Management of Rain and Waste Water 2005
In Berlin, precipitation and waste water from private households, public institutions, industry and trade, as well as run-off from public road areas generate large quantities of rain and waste water. These need to be piped away and treated, if appropriate. In 2005, the local sewage plants treated some 640,000 cu. m of waste water from private households, trade, industry and public institutions, as well as rainwater from Berlin and its suburban area every day. This quantity is equivalent to a little over 8 cu. m./sec., or one third of the Spree river run-off, given medium water flow. The amount of waste water generated in Berlin would be sufficient to fill the Grosser Wannsee lake within a week.

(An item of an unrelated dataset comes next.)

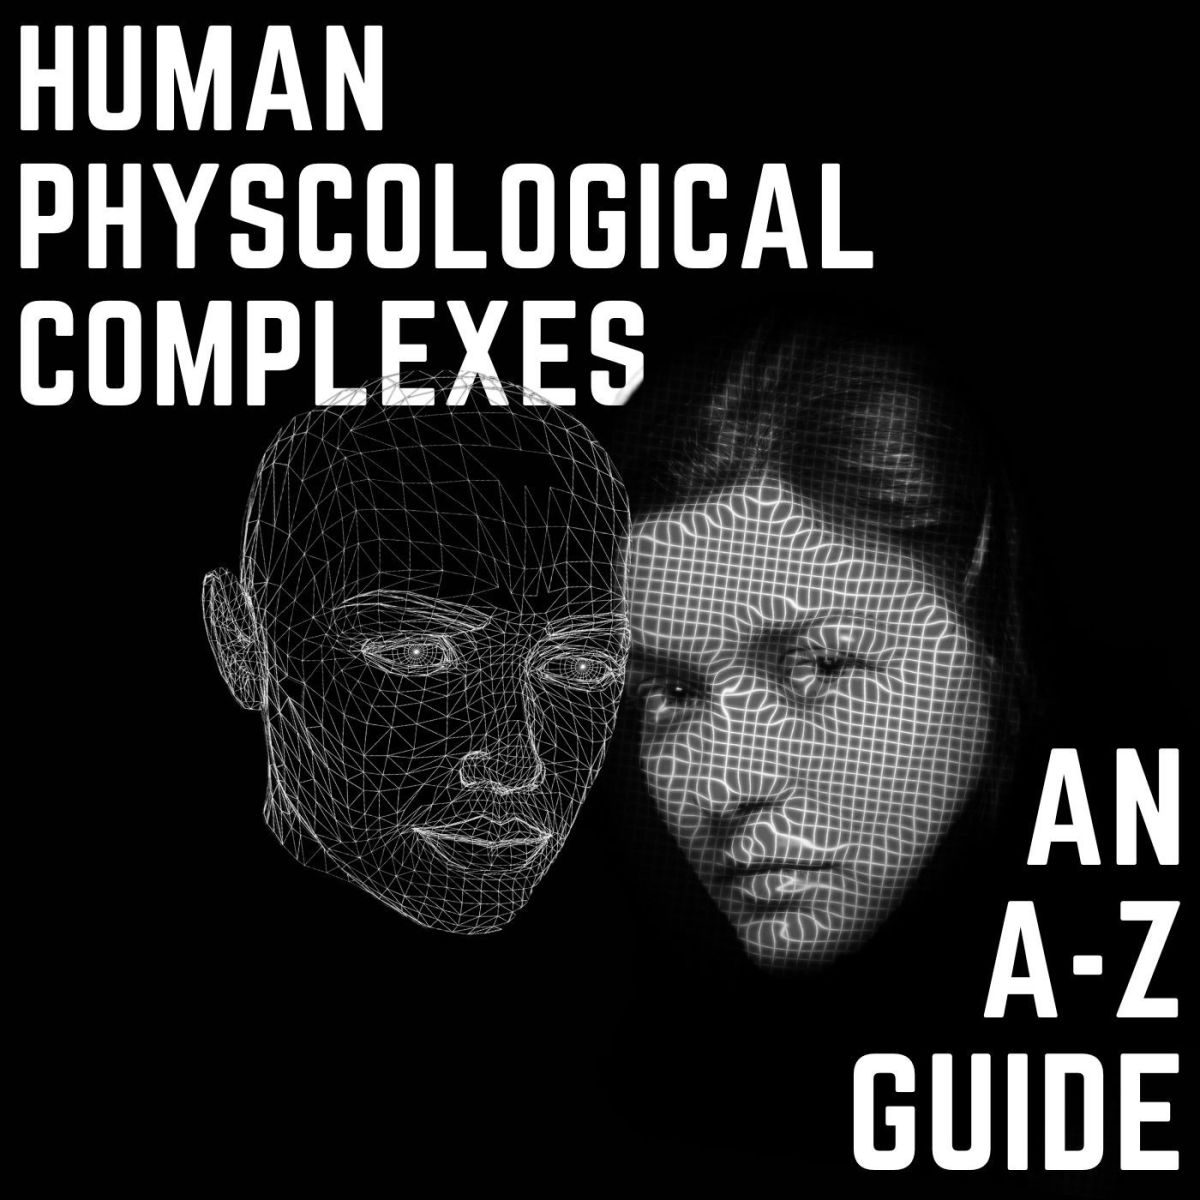 Exploring the Human Psychological Complexes A - Z

Waste waters are carried in a sewerage network with a total length of 9,360 km with 233,000 service lines. The sewerage network is operated by the Berliner Wasserbetriebe (Berlin Water Works). It was implemented in two different systems, the combined and the separate sewerage systems, and consists of a total of 4,178 km of waste water drains, 1,894 km of combined water drains, 3,166 km of rainwater drains and numerous special structures, such as rainwater overflows, rainwater retention basins and culverts. Waste water collected there is pumped to the sewage plants by 145 pumping stations, through a network of 1,120 km of pressurised sewage pipes.
Berlin’s combined sewage canal system was built In 1873 according to a design by James Hobrecht, to drain Berlin as it was then. However, towns and communities surrounding Berlin, which retained their independence until 1920, mainly built systems based on separate drainage. After their incorporation into Berlin, their facilities were amalgamated into the present system. Drainage areas are oriented towards river courses and shipping canals, and also in accordance with the different terrain heights. The boundaries of drainage areas do not follow the borders of Berlin’s boroughs. Some three quarters of Berlin’s drained areas are operated under the separate system, and the remaining quarter under the combined system.
The Separate System
In a system of separated drainage, waste water and rainwater are handled by two different systems. Waste water drains carry household, commercail and industrial waste water to the pumping stations. From there, pressurised pipes are used to take it to the Ruhleben, Münchehofe, Schönerlinde, Wassmannsdorf, Wansdorf, and Stahnsdorf sewage treatment plants. After treatment, sewage plants discharge purified water into Berlin’s bodies of water. Two other sewage treatment plants – at Marienfelde and Adlershof – were decommissioned as of 1990, and the Falkenberg facility was closed in 2003.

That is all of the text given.